Michigan manure hauler certification program
Certification program aims to increase the base manure application knowledge level for all applicators.
Michigan State University Extension and the Michigan Agribusiness Association are hosting a meeting on Thursday, March 1 at Michigan Farm Bureau in Lansing to introduce a manure hauler certification program. Anyone who applies manure is urged to attend. The purposes for the meeting are to present the draft version of the proposed manure hauler certification program, receive comments on the material that has been developed in support of the certification program and increase hauler knowledge of manure application.
The goals of the certification program are to:
- Prevent manure application problems before they occur.
- Increase nutrient management plan implementation.
- Demonstrate responsible manure application.

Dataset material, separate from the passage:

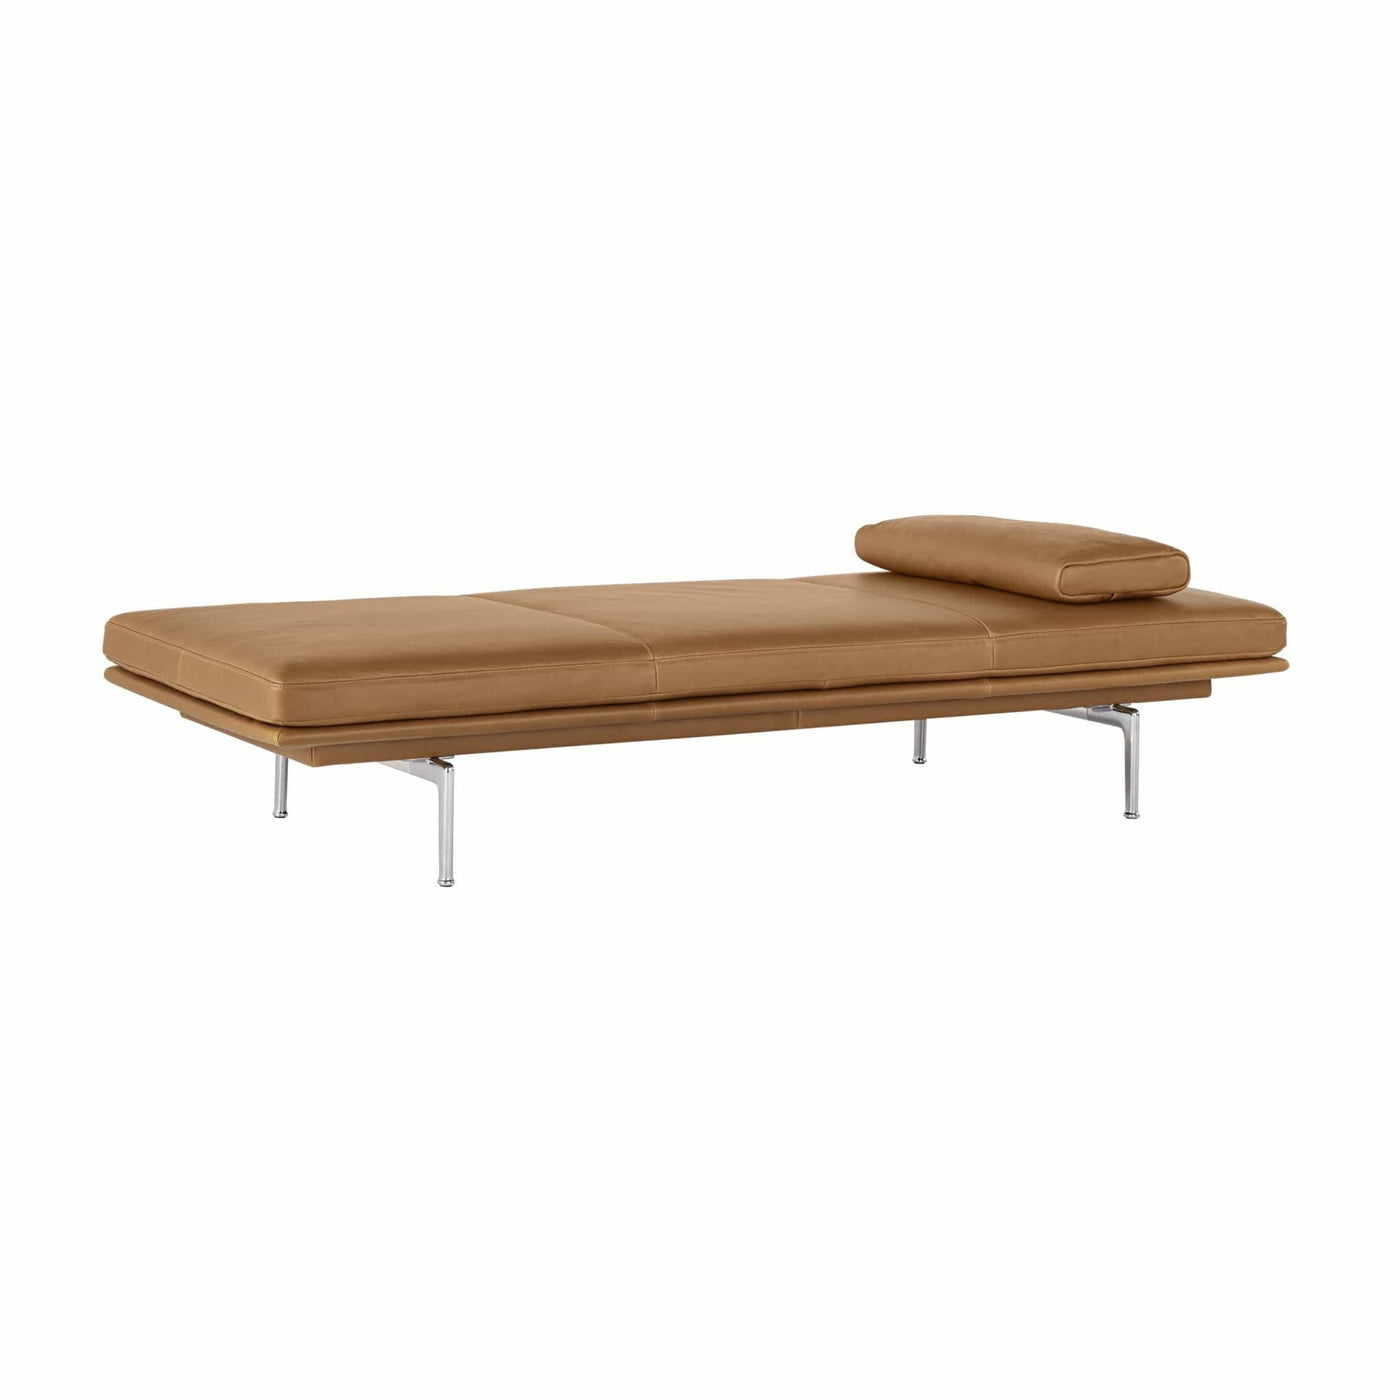 Muuto Outline Daybed in cognac refine leather and polished aluminium base. Made to order from someday designs. #colour_cognac-refine-leather

- Increase the base level of manure management knowledge of all applicators.
The certification program consists of three tiers. Individuals who are certified at tier one have a basic knowledge of manure spill response and proper manure application techniques. Individuals achieve this level by passing a test. Once certification has been awarded, individuals will be required to take two hours of training and testing annually to retain tier one certification. Tier two certification is for anyone who supervises manure application. This level focuses on more advanced training and may include topics like odor management, using GPS in manure application, ethics and regulations. Maintaining tier two certification requires participating in a minimum of four modules over two years and showing proficiency through testing. Tier three is achieved by developing and implementing an environmental management system (EMS) plan. An EMS plan is designed to improve the day-to-day management of farm and for-hire applicator business practices with an emphasis on environmental stewardship.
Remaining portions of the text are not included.